MRICartesianOperator#

class mrinufft.operators.cartesian.MRICartesianOperator(mask: ndarray[tuple[int, ...], dtype[_ScalarType_co]], shape: tuple[int, ...], density: Literal[False] = False, n_coils: int = 1, n_batchs: int = 1, n_trans: int = 1, smaps: ndarray[tuple[int, ...], dtype[_ScalarType_co]] | None = None, squeeze_dims: bool = True)[source]#

Bases: FourierOperatorSimple

Cartesian Operator for MRI reconstruction.
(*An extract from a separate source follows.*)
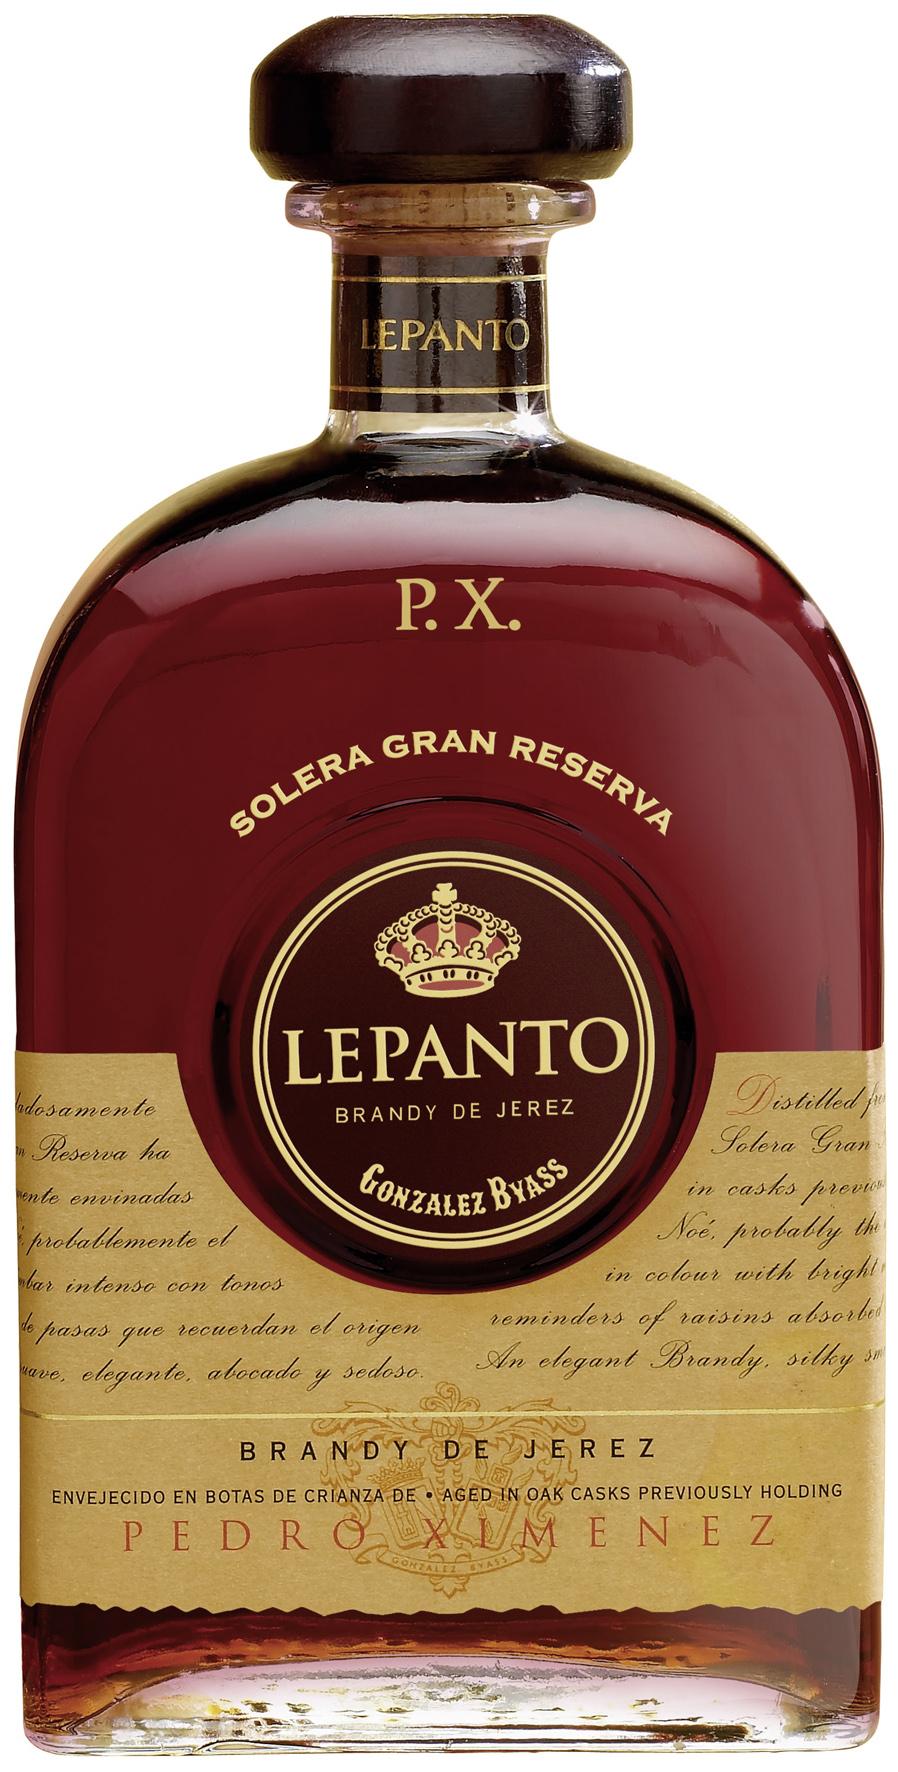 Lepanto Brandy Gran Reserva Ximenez P.X. 36% Vol.

This class implements the forward and adjoint operations for Cartesian MRI reconstruction. It inherits from the FourierOperatorBase class, which provides common functionality for Fourier-based operators.

Methods

__init__

Initialize the MRICartesianOperator.

adj_op

Non Cartesian MRI adjoint operator.

check_shape

Validate the shapes of the image or k-space data against operator shapes.

compute_density

Density is not supported for Cartesian Operator.

compute_smaps

Compute the sensitivity maps and set it.

data_consistency

Compute the gradient data consistency.

get_lipschitz_cst

Return the Lipschitz constant of the operator.

make_autograd

Make a new Operator with autodiff support.

make_deepinv_phy

Make a new DeepInv Physics with NUFFT operator.

make_linops

Create a Scipy Linear Operator from the NUFFT operator.

op

Non Cartesian MRI forward operator.

pinv_solver

Solves the linear system Ax = y.

update_samples

Update the samples of the NUFFT operator.

with_autograd

Return a Fourier operator with autograd capabilities.

with_off_resonance_correction

Return a new operator with Off Resonnance Correction.

Attributes

autograd_available

available

backend

cpx_dtype

Return complex floating precision of the operator.

density

Density compensation of the operator.

dtype

Return floating precision of the operator.

img_full_shape

Full image shape with batch and coil dimensions.

interfaces

ksp_full_shape

Full kspace shape with batch and coil dimensions.

mask

Mask of the Cartesian sampling pattern.

n_batchs

Number of coils for the operator.

n_coils

Number of coils for the operator.

n_samples

Number of samples in the Cartesian sampling pattern.

ndim

Number of dimensions in image space of the operator.

norm_factor

Normalization factor of the operator.

samples

Return the samples used by the operator.

shape

Shape of the image space of the operator.

smaps

Sensitivity maps of the operator.

uses_density

Return True if the operator uses density compensation.

uses_sense

Return True if the operator uses sensitivity maps.

property mask[source]#

Mask of the Cartesian sampling pattern.

property n_samples[source]#

Number of samples in the Cartesian sampling pattern.

compute_density(method=None)[source]#

Density is not supported for Cartesian Operator.